- Provided records -
● ● ● ●

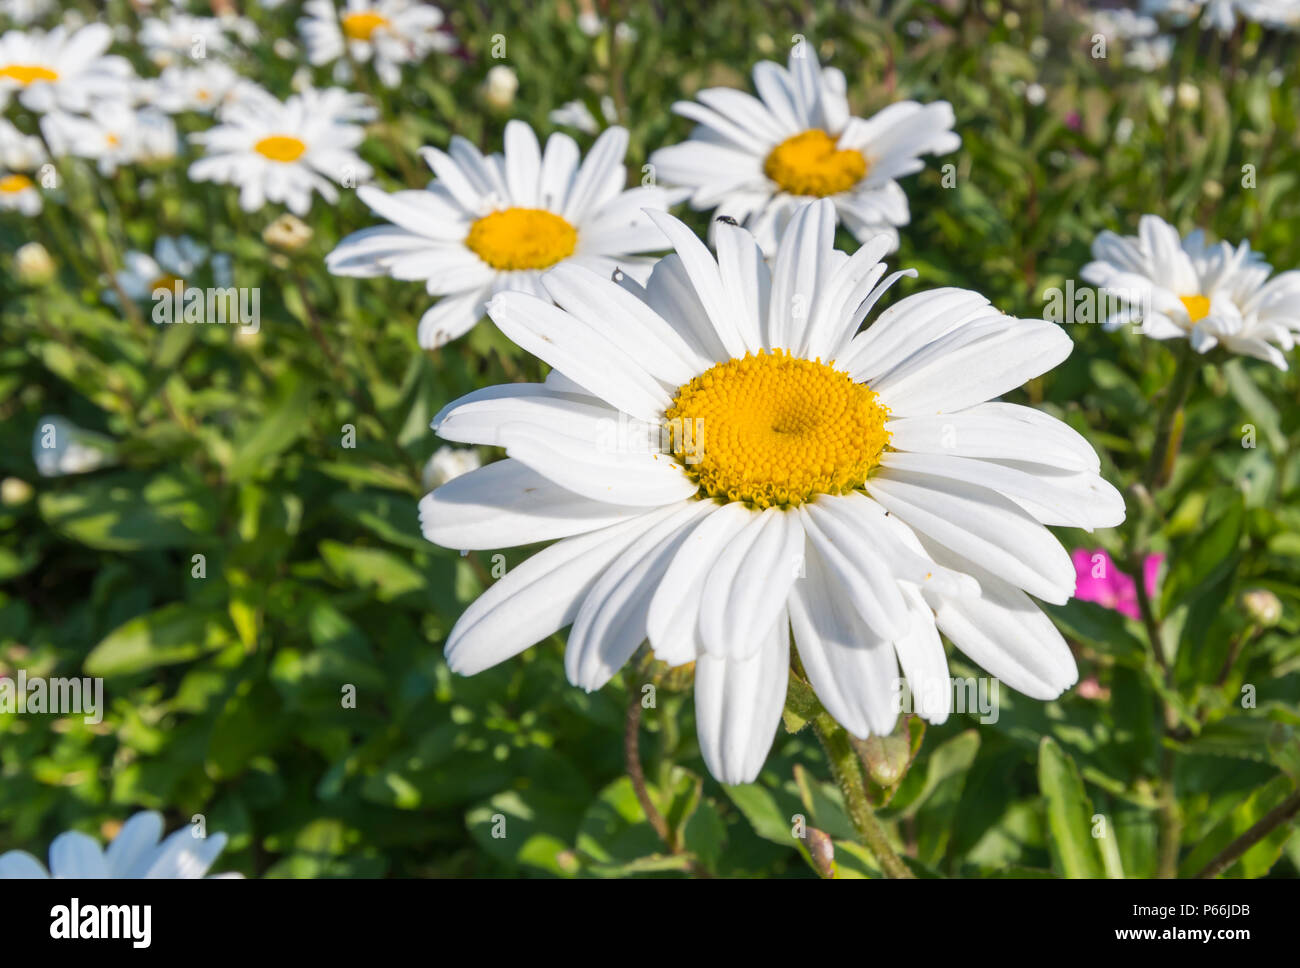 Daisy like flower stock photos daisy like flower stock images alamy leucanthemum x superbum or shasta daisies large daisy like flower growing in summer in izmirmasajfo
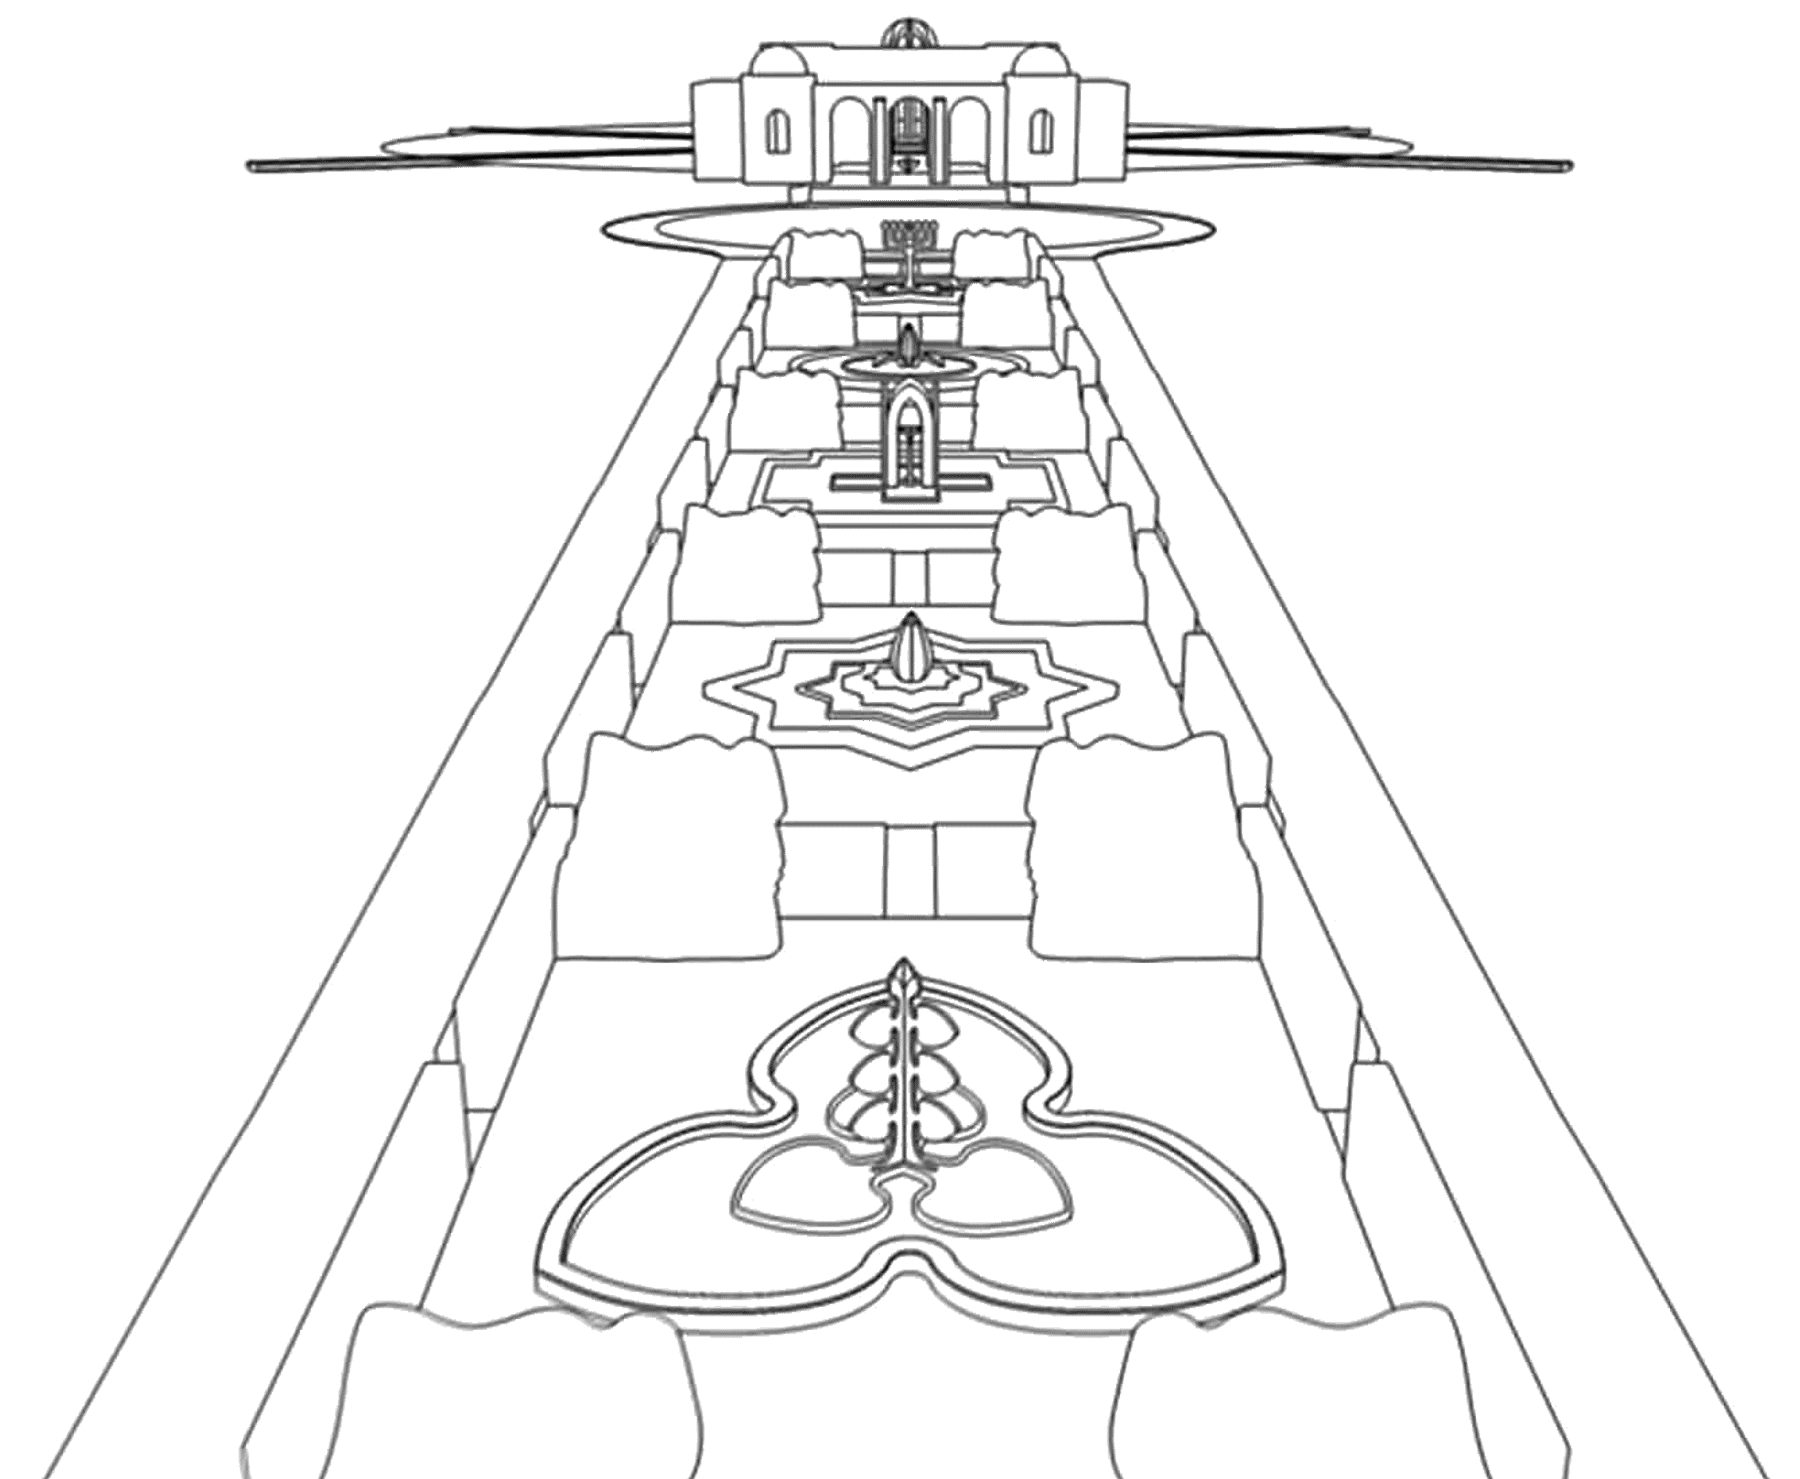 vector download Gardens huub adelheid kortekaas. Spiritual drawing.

● ● ● ●

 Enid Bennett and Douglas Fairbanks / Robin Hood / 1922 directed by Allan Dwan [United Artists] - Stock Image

● ● ● ●

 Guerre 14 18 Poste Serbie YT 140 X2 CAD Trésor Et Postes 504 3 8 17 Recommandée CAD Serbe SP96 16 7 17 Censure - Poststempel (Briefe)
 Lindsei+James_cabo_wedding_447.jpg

● ● ● ●

- Work item -
Take only the lines above from the one that has "Daisy like flower stock photos" through the one that has "vector download Gardens" and reproduce them exactly, omitting any pictures.

- Problem solution -
 Daisy like flower stock photos daisy like flower stock images alamy leucanthemum x superbum or shasta daisies large daisy like flower growing in summer in izmirmasajfo
 vector download Gardens huub adelheid kortekaas. Spiritual drawing.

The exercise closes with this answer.